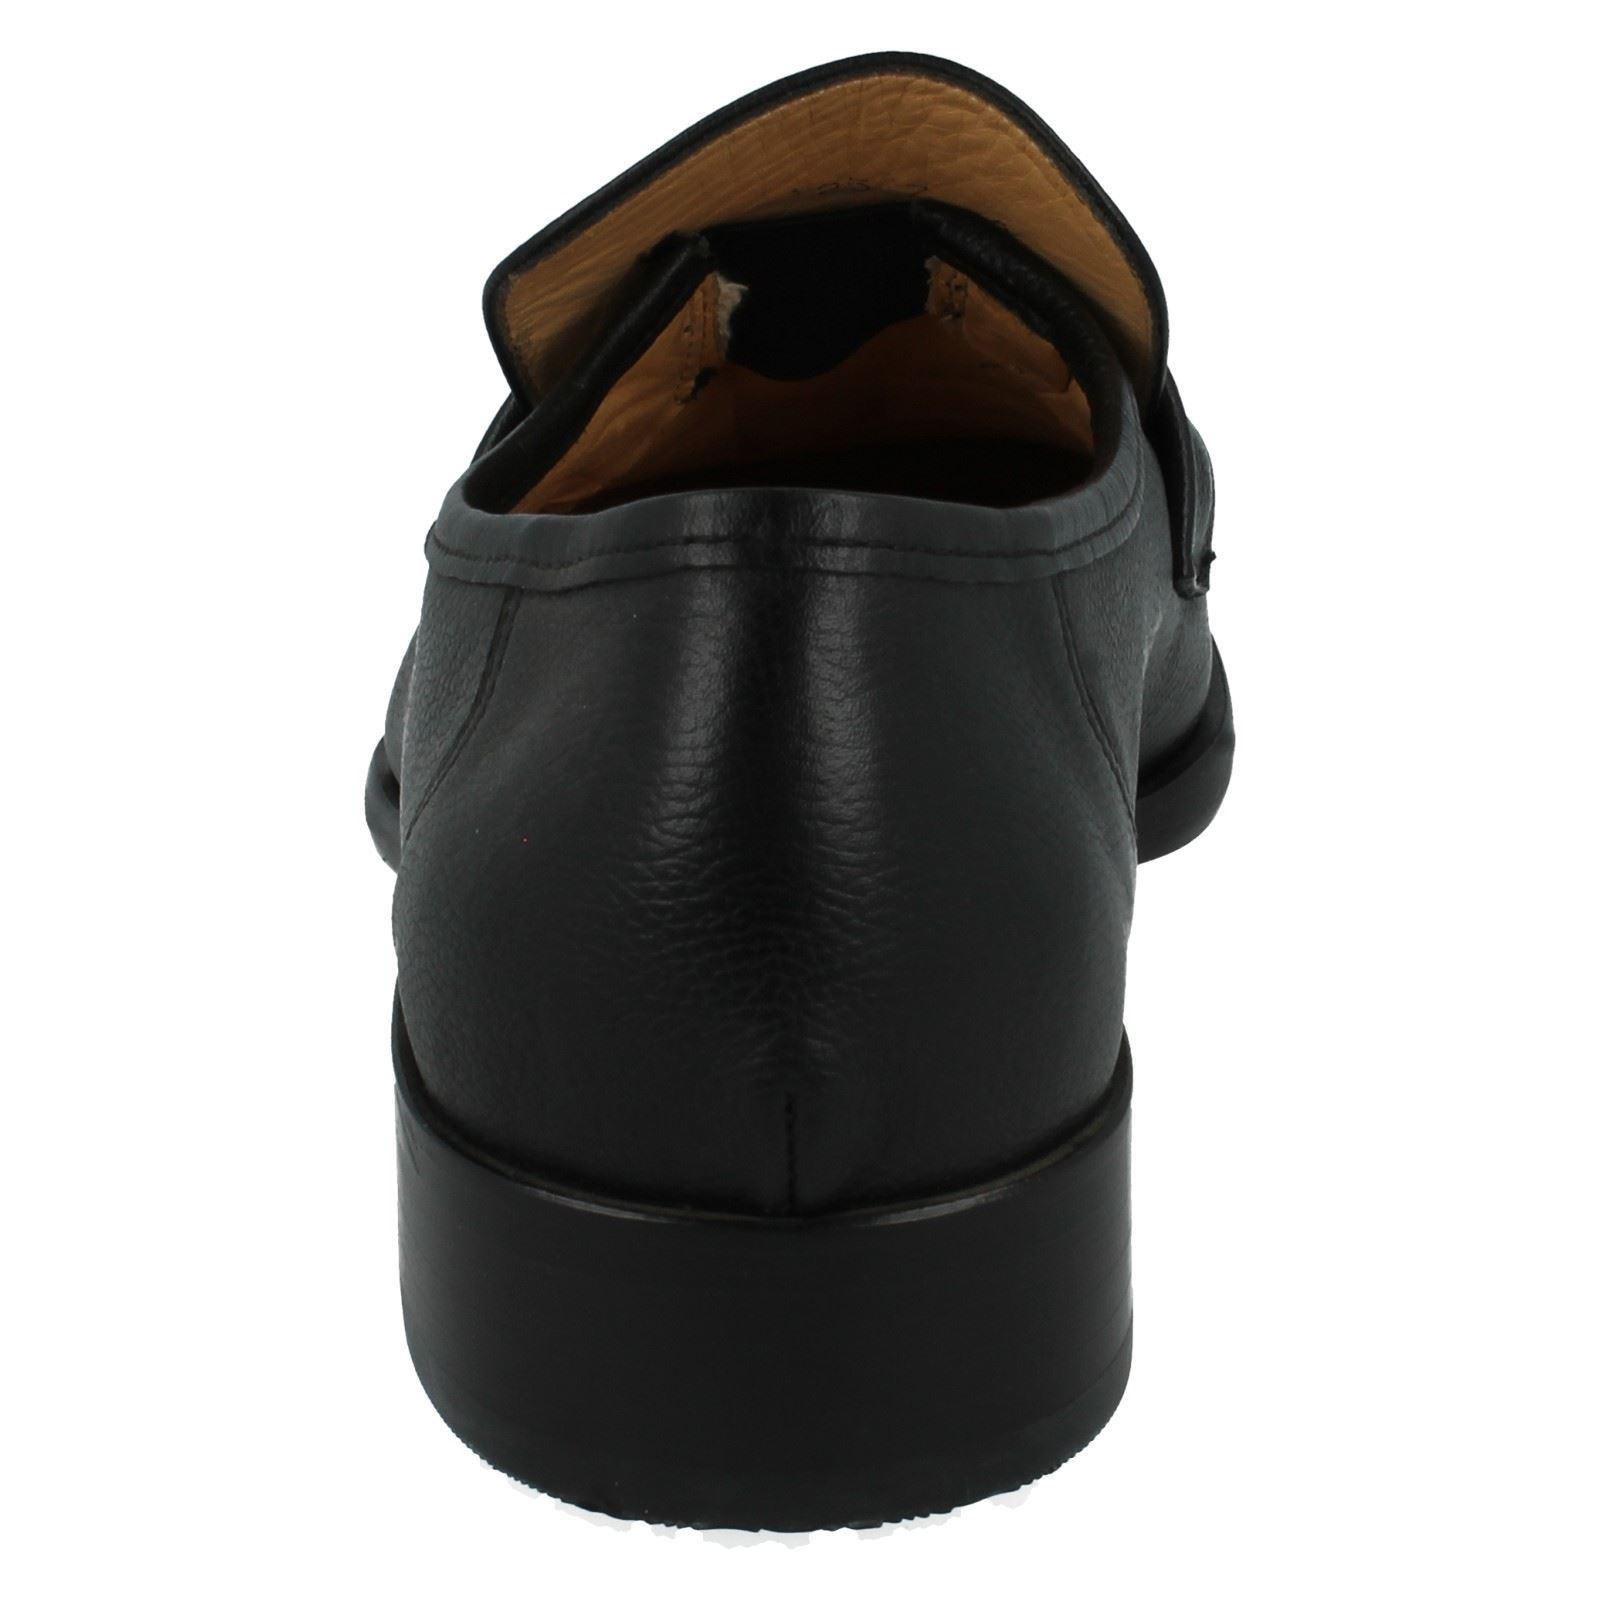 Uomo Schuhes Grenson Loafer Slip On Schuhes Uomo Duke 6df76b
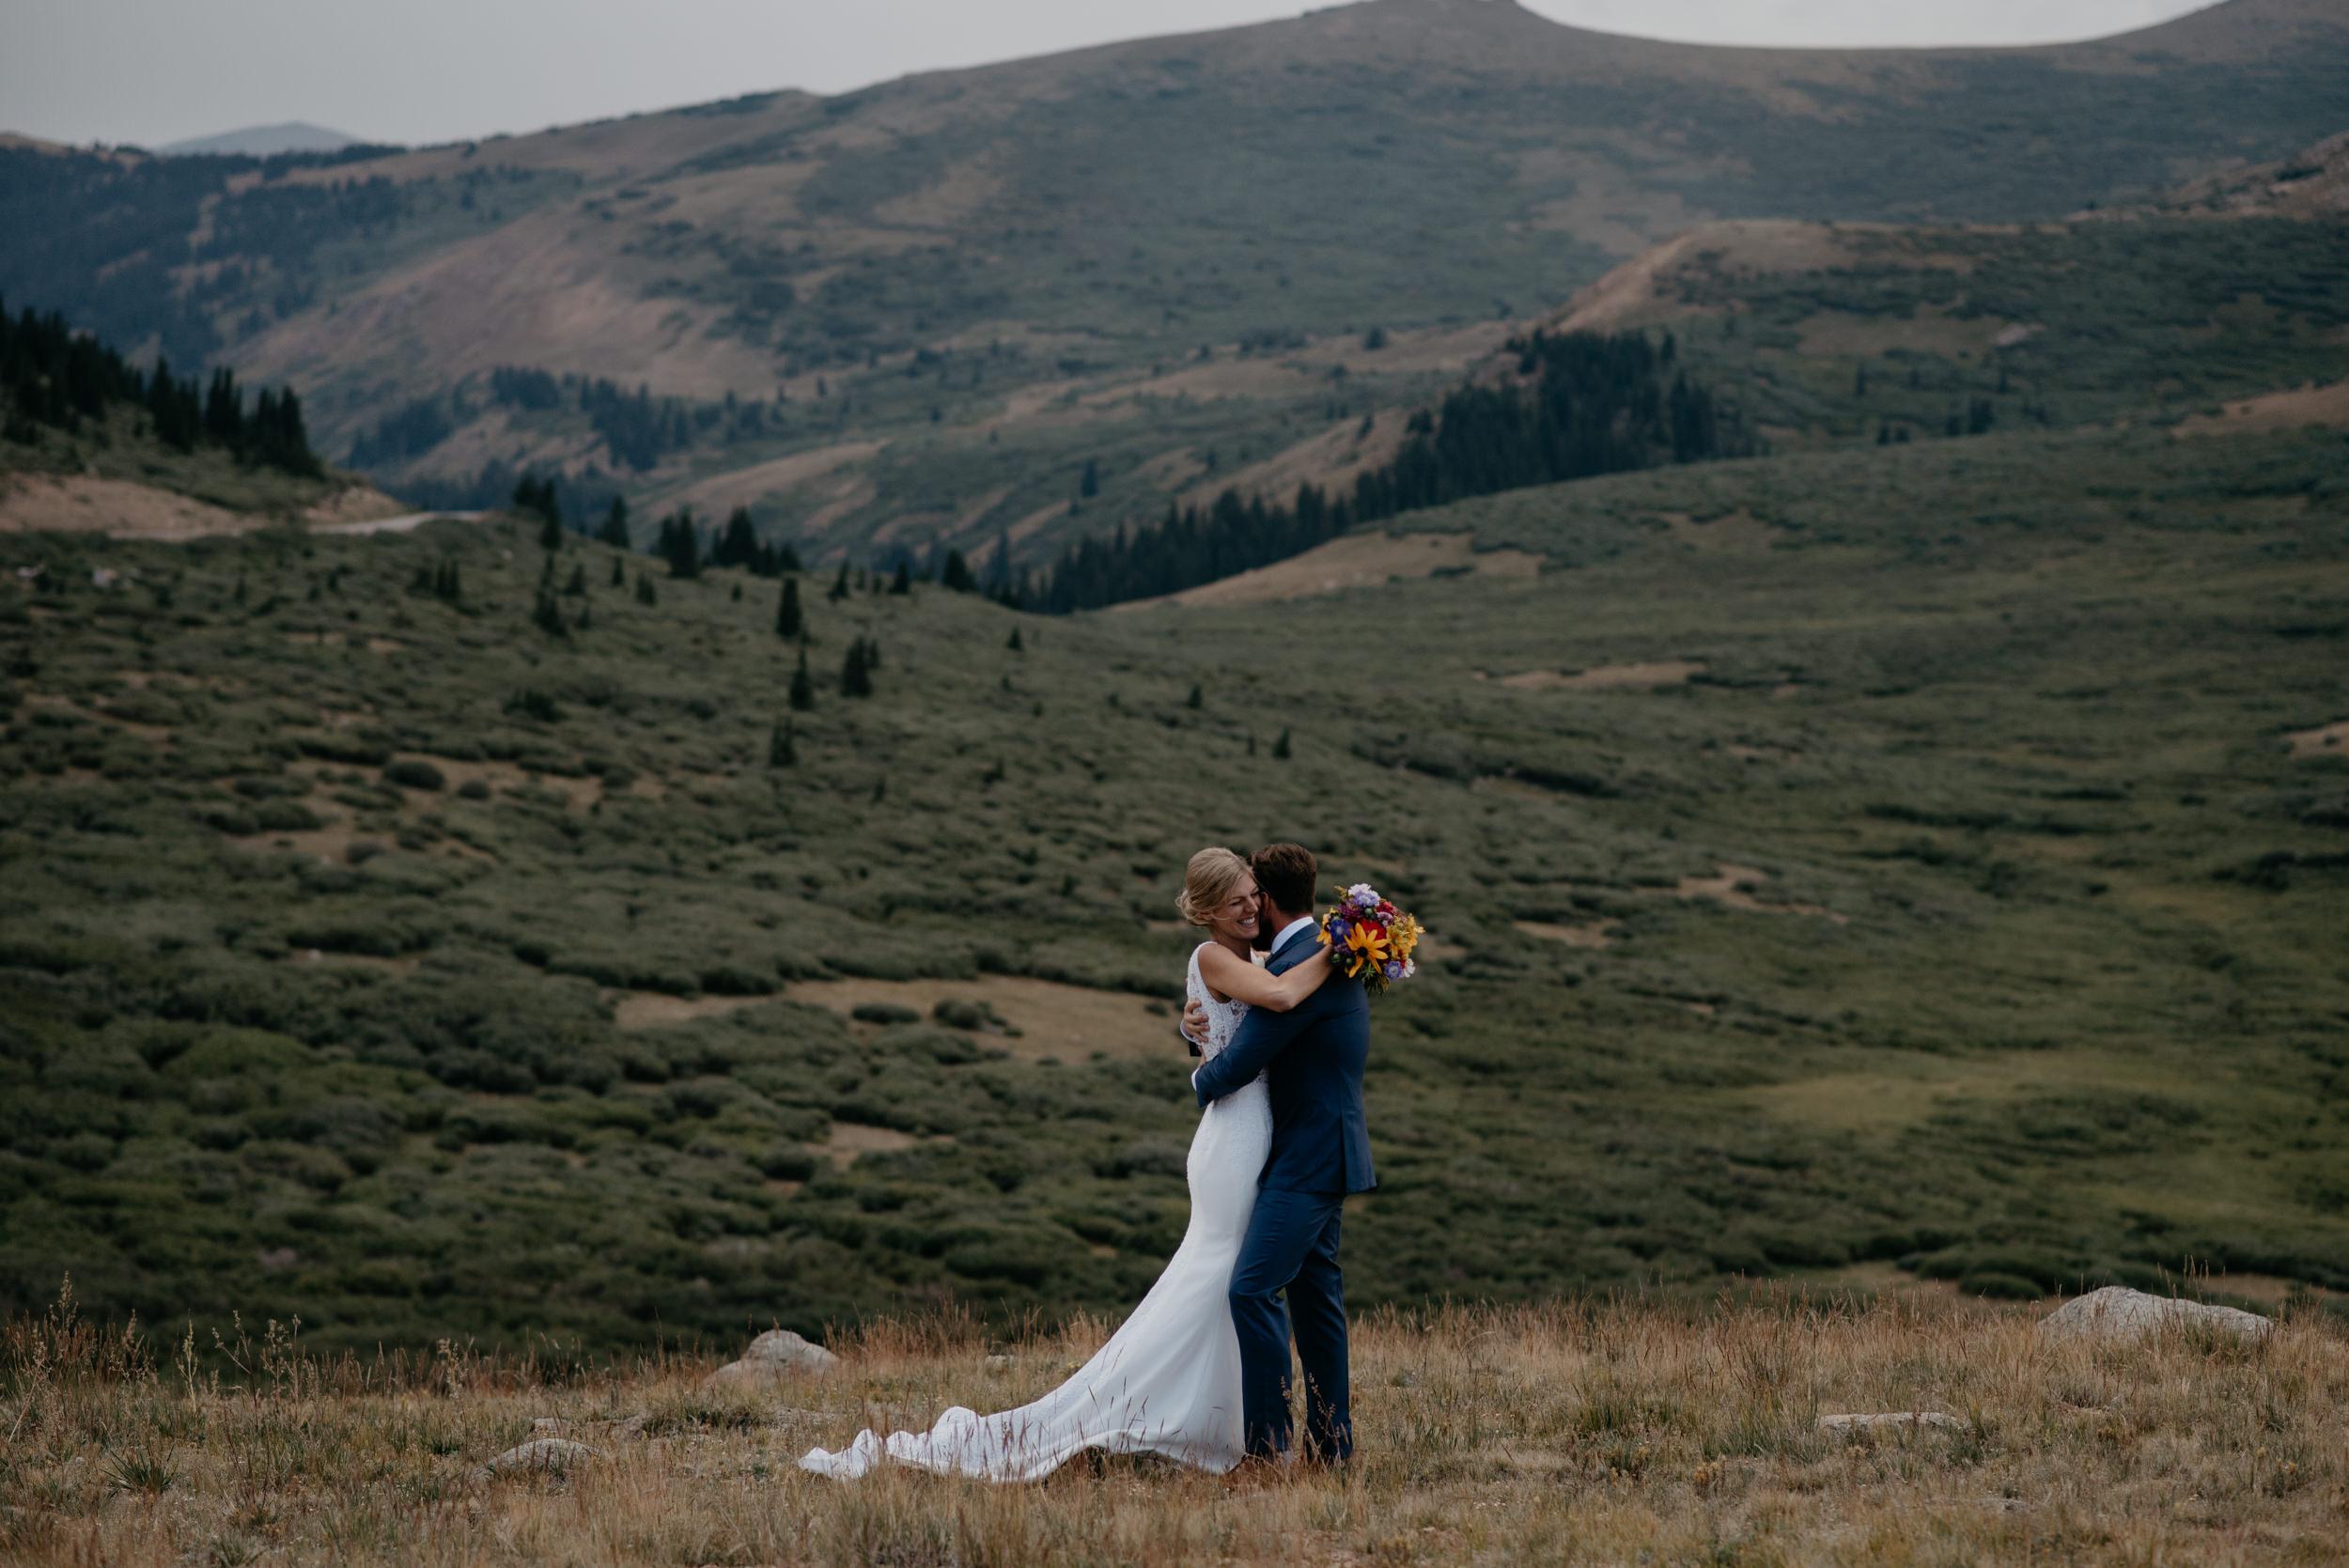 Colorado mountain elopement and wedding photography
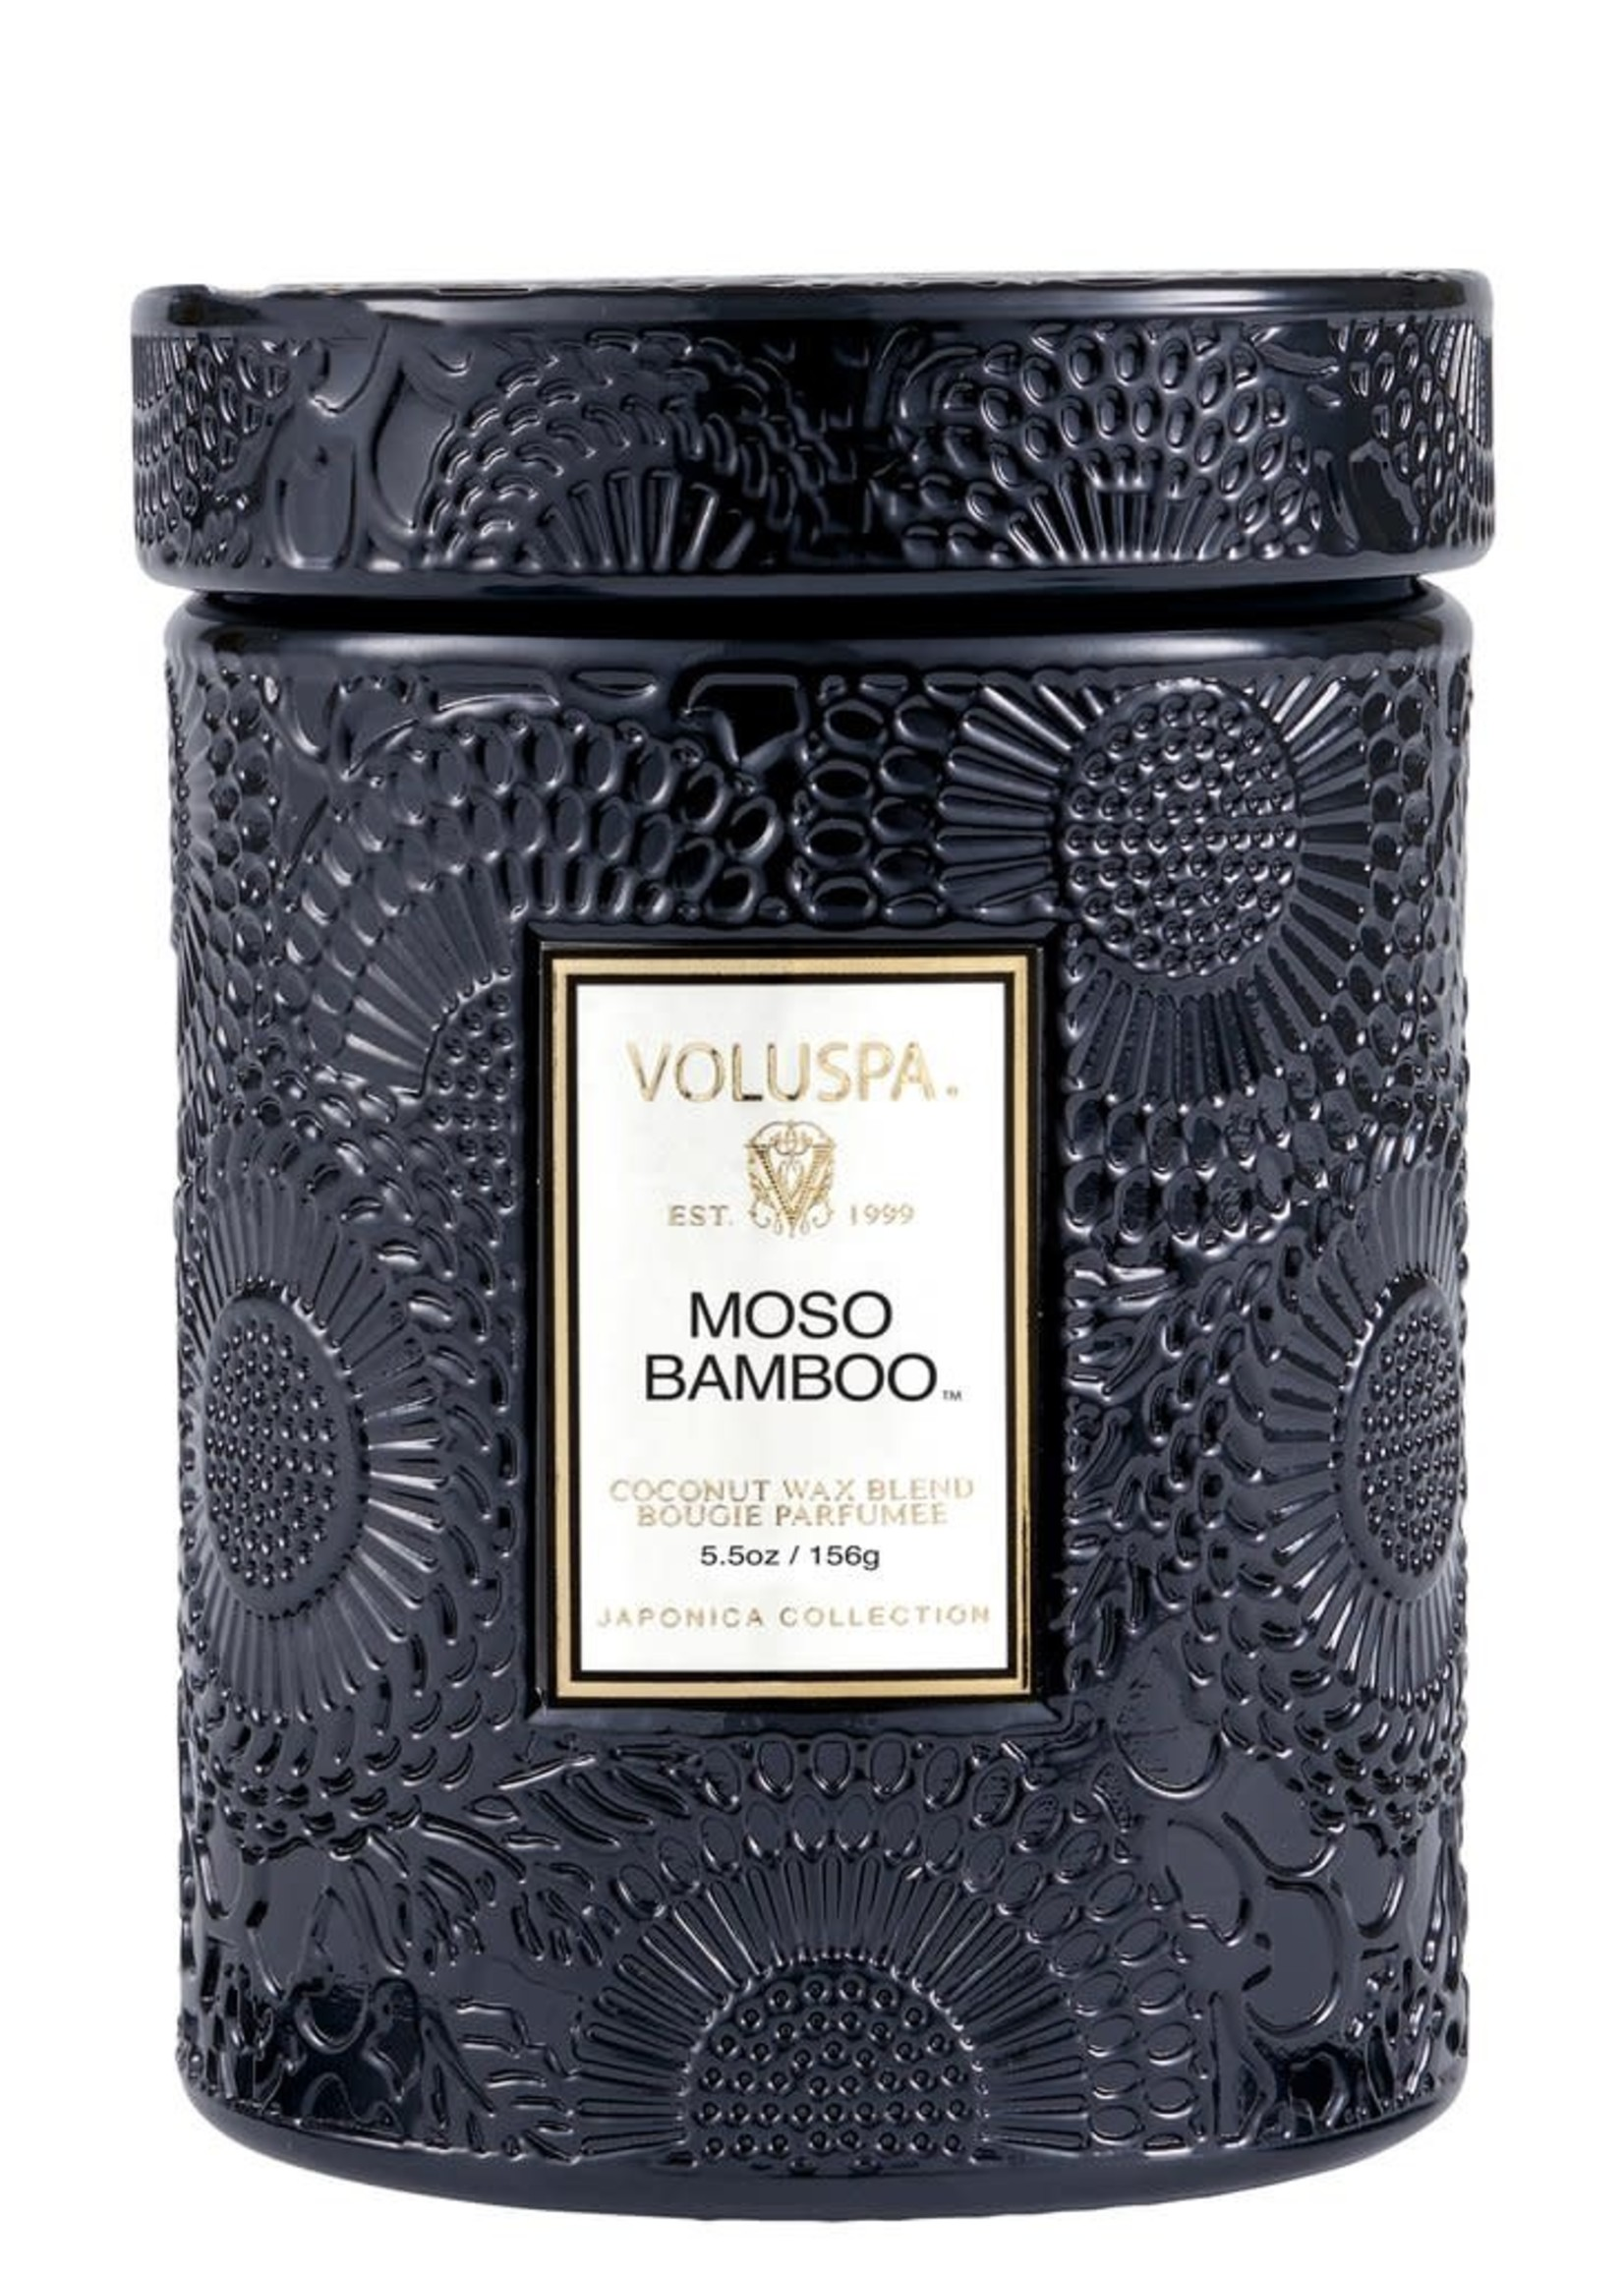 Moso Bamboo 5.5 Oz Mini Embossed Glass Jar Candle W/ Lid

====

The lines to repeat run from the line containing "Colorado mountain elopement" through the last line of the material above; give them exactly, without the pictures.

 Colorado mountain elopement and wedding photography
 Moso Bamboo 5.5 Oz Mini Embossed Glass Jar Candle W/ Lid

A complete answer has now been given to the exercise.